W&B Weave — Competitor Intelligence Report
Date: 2026-02-10 | Model: google/gemini-3-pro-preview | Data collected: 2026-02-10
Executive Summary
Analyzed 6 competitors across 8 axes.
| Competitor | 🟢 Weave Stronger | 🟡 Comparable | 🔴 Competitor Stronger |
|---|---|---|---|
| LangSmith | 0 | 6 | 2 |
| Arize Phoenix | 0 | 6 | 2 |
| Braintrust | 0 | 5 | 3 |
| Langfuse | 0 | 5 | 3 |
| Humanloop | 5 | 2 | 1 |
| Logfire | 4 | 4 | 0 |
Comparison Matrix
🟢 Weave stronger · 🟡 Comparable · 🔴 Competitor stronger · ⚪ Unknown
| Axis | LangSmith | Arize Phoenix | Braintrust | Langfuse | Humanloop | Logfire |
|---|---|---|---|---|---|---|
| 트레이싱/옵저버빌리티 | 🔴 | 🟡 | ⚪ | 🟡 | ⚪ | ⚪ |
| 평가 파이프라인 | 🔴 | 🟡 | ⚪ | 🔴 | ⚪ | ⚪ |
| 데이터셋 관리 | 🟡 | 🟡 | ⚪ | 🟡 | ⚪ | ⚪ |
| 프롬프트 관리 | 🟡 | 🟡 | ⚪ | 🟡 | ⚪ | ⚪ |
| 스코어링 | 🟡 | 🟡 | ⚪ | 🟡 | ⚪ | ⚪ |
| LLM/프레임워크 통합 | 🟡 | 🟡 | ⚪ | 🟡 | ⚪ | ⚪ |
| 가격 | 🟡 | 🔴 | ⚪ | 🔴 | ⚪ | ⚪ |
| 셀프호스팅 | 🟡 | 🔴 | ⚪ | 🔴 | ⚪ | ⚪ |
Competitor Details
LangSmith
Overall: LangSmith is a comprehensive platform for building, debugging, and monitoring LLM applications, with deep roots in the LangChain ecosystem.

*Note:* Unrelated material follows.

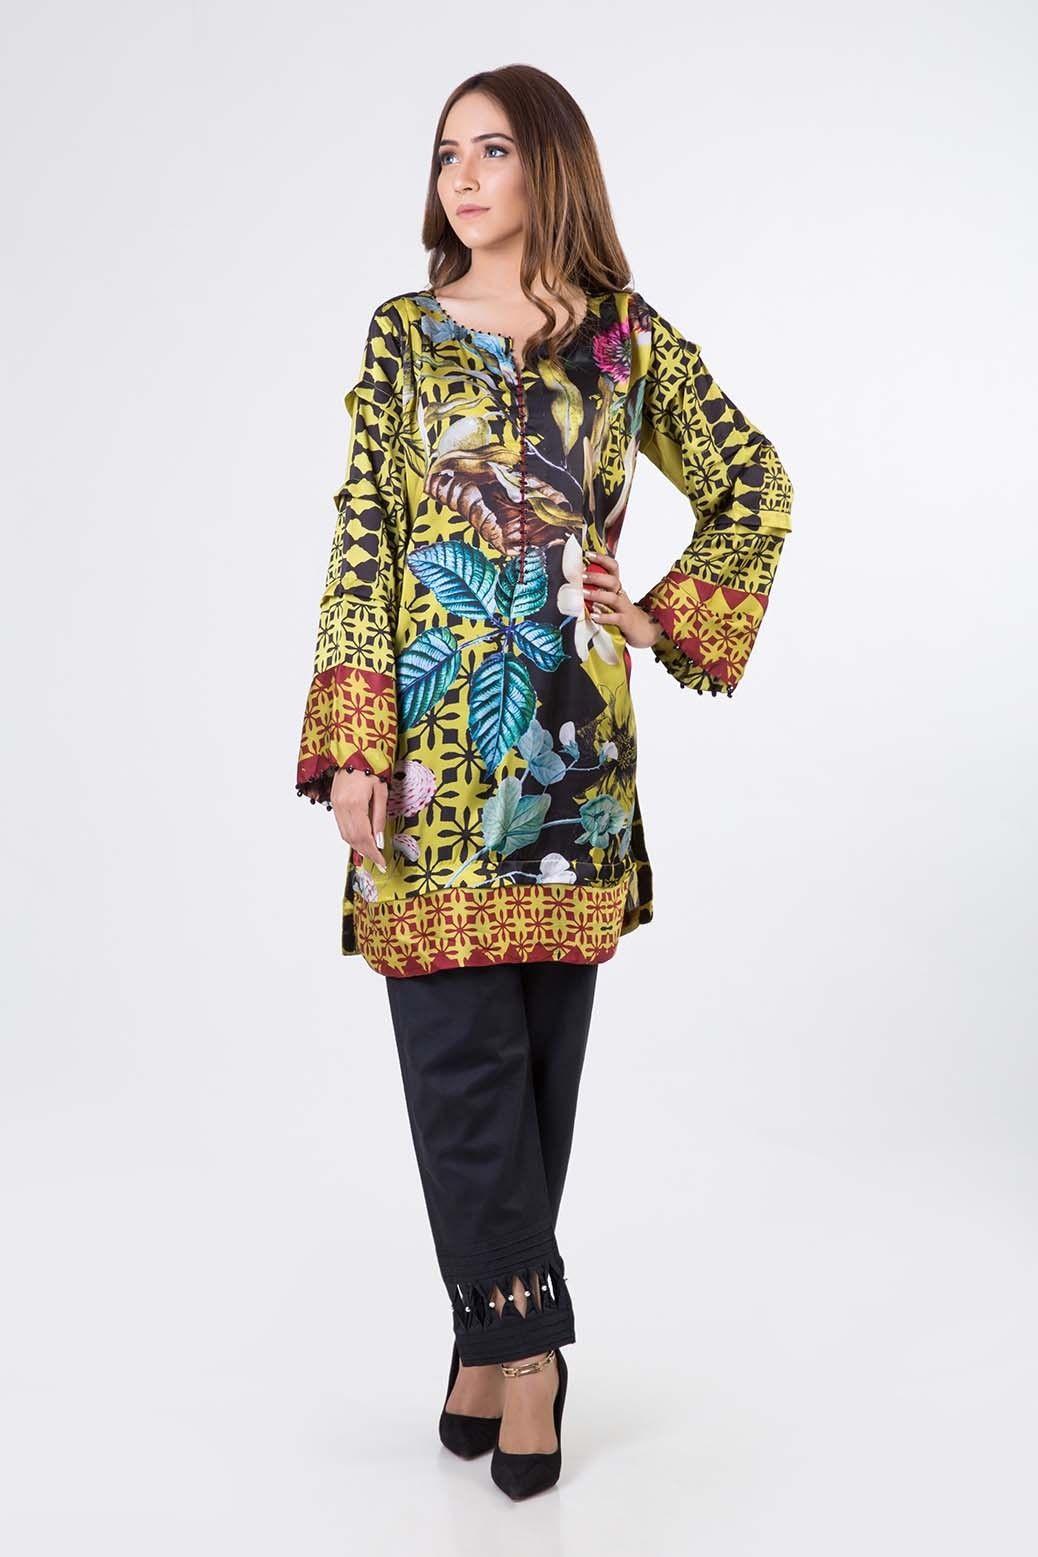 Bonanza Satrangi Eid Lawn Collection

It excels in production observability with features like alerting and cost tracking, while offering robust workflows for human evaluation and dataset management.
Strengths vs Weave:
- Advanced human annotation workflows (Pairwise Annotation Queues)
- Deepest integration with LangChain and LangGraph ecosystems
- Production-grade monitoring with real-time alerting
- Built-in AI assistant (Polly) for trace analysis and debugging
Weaknesses vs Weave:
- Lacks the broader ML experiment tracking and model registry of the full W&B platform
- Workflow and UX are heavily optimized for LangChain concepts, potentially less flexible for pure Python users
- Integration with non-LangChain frameworks (like DSPy) is less seamless compared to Weave’s auto-patching
Notable Updates:
- Customize trace previews (Feb 2026)
- LangSmith Self-Hosted v0.13 with improved parity (Jan 2026)
- Pairwise annotation queues for agent comparison (Dec 2025)
- LangSmith Fetch CLI for terminal debugging (Dec 2025)
- Unified cost tracking for LLMs and tools (Dec 2025)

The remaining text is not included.